### The task
Retype word for word the first line of the listing and each line after it up to the line with "Three individuals in", with the pictures taken out.

### Dataset section

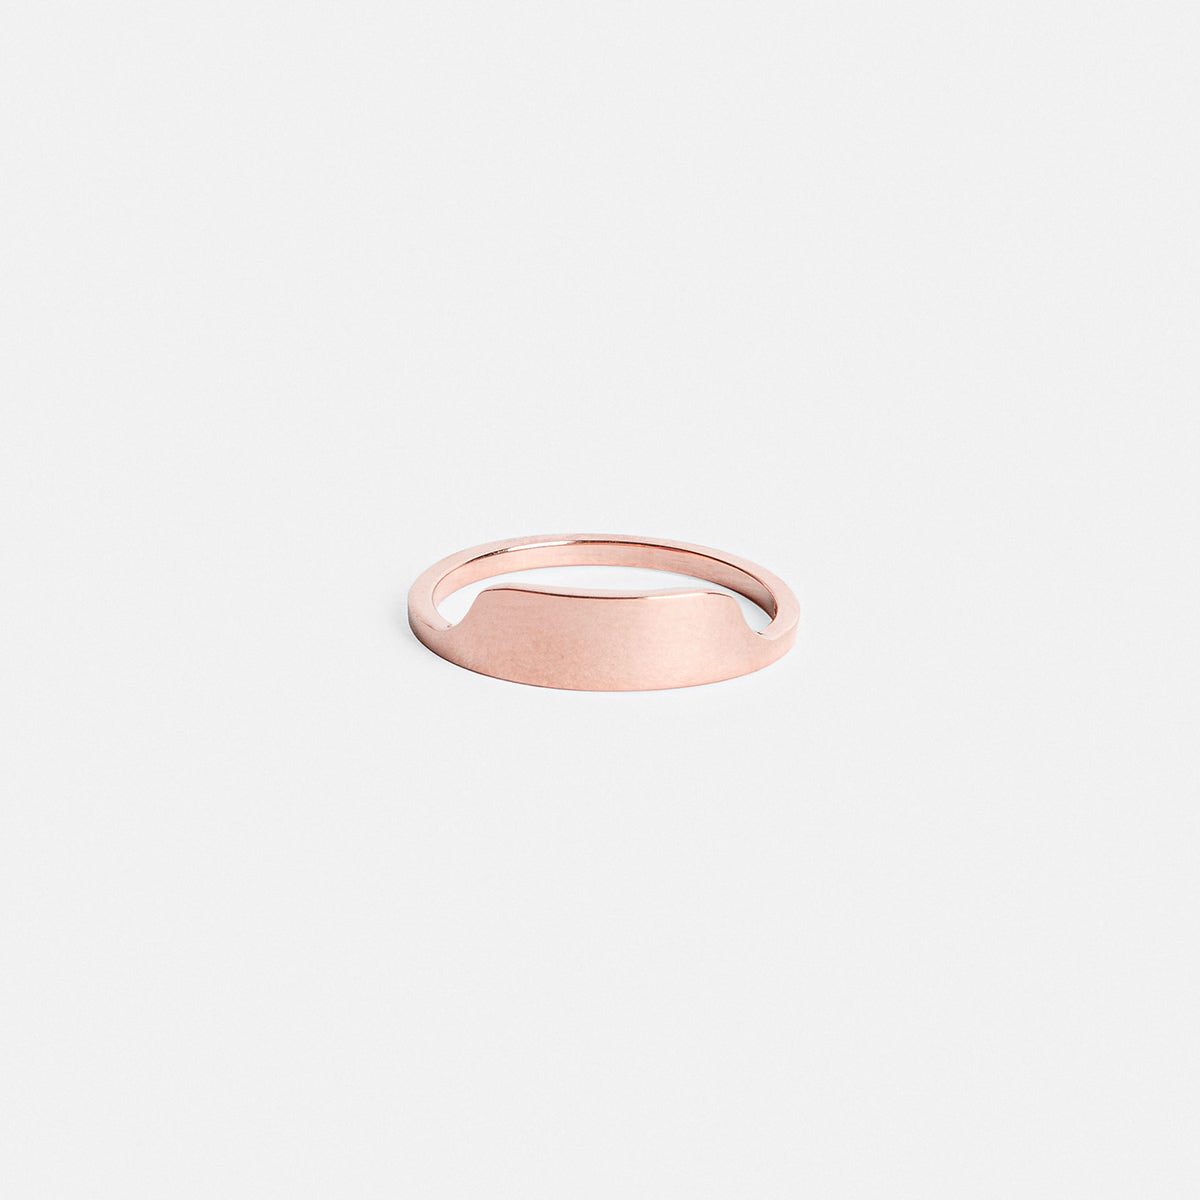 Tylo Unusual Ring in 14k Rose Gold By SHW Fine Jewelry NYC
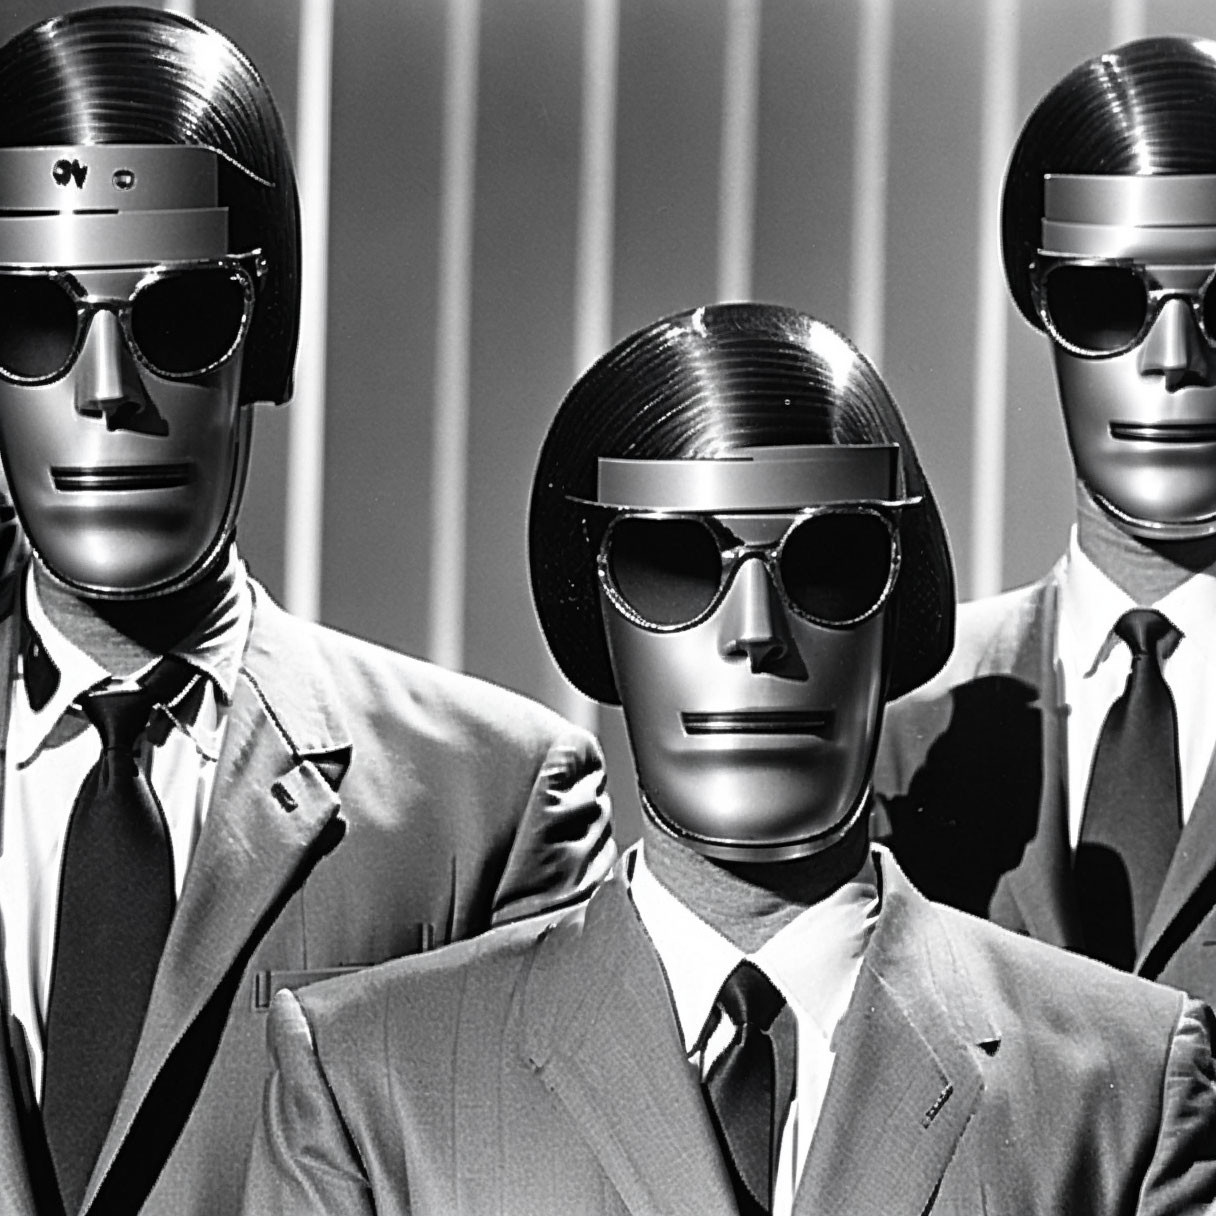 Three individuals in metallic masks and suits against striped background
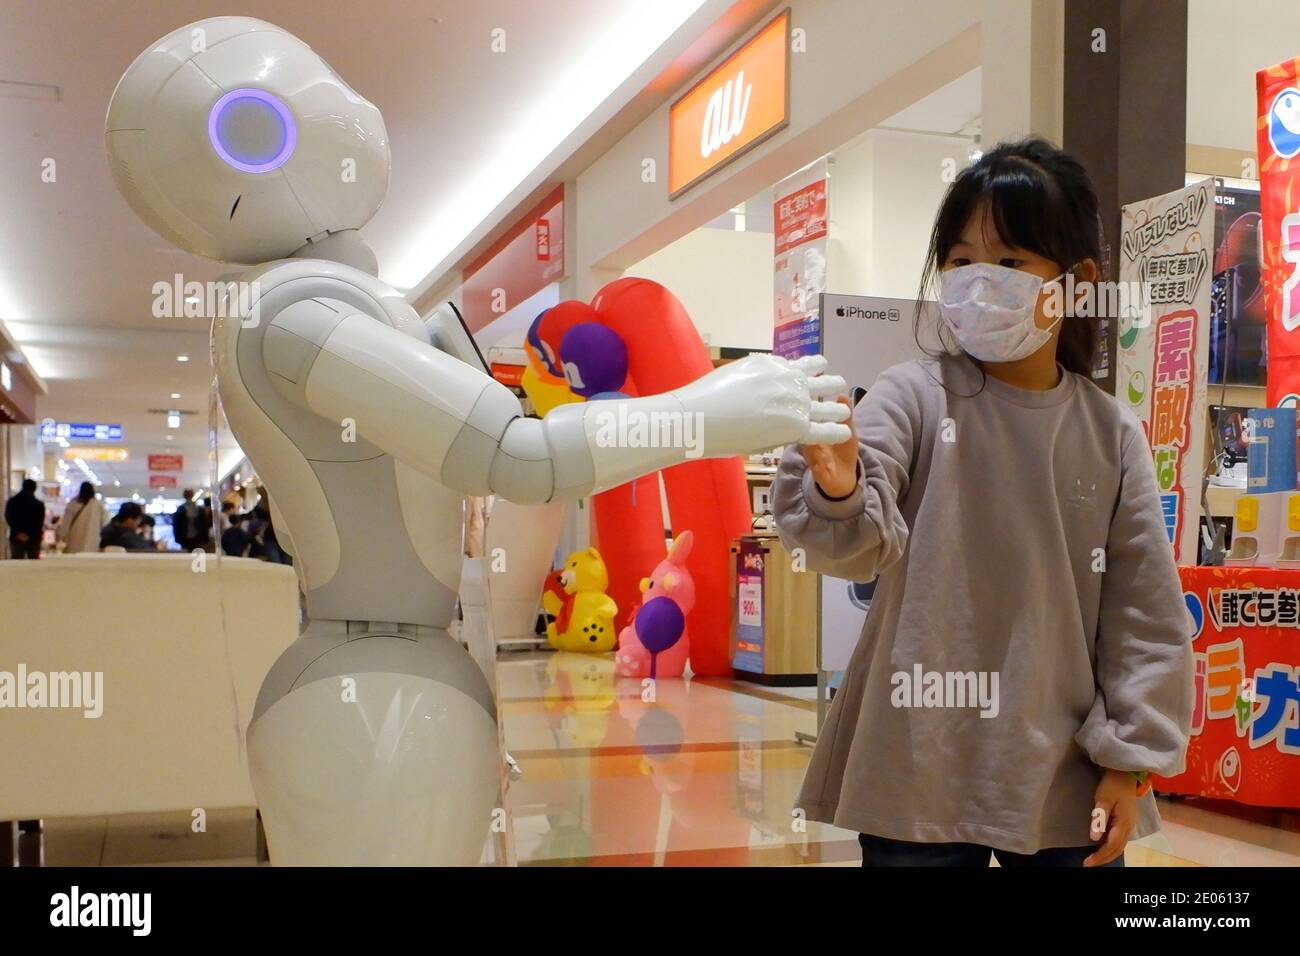 Tokyo, Japan. 30th Dec, 2020. A humanoid robot Pepper wearing a face mask is displayed as Tokyo Metrpolitan Government hires a hotel for the new accomodations of the patients of the new coronavirus with mild symptons in Tokyo.The Tokyo metropolitan government on Wednesday reported 944 new cases of the coronavirus, up 88 from Tuesday. The number is the result of 2,084 tests conducted on Dec 27. (Photo by Michele Sawada/Sipa USA) Credit: Sipa USA/Alamy Live News Stock Photo

### Result
 Tylo Unusual Ring in 14k Rose Gold By SHW Fine Jewelry NYC
 Three individuals in metallic masks and suits against striped background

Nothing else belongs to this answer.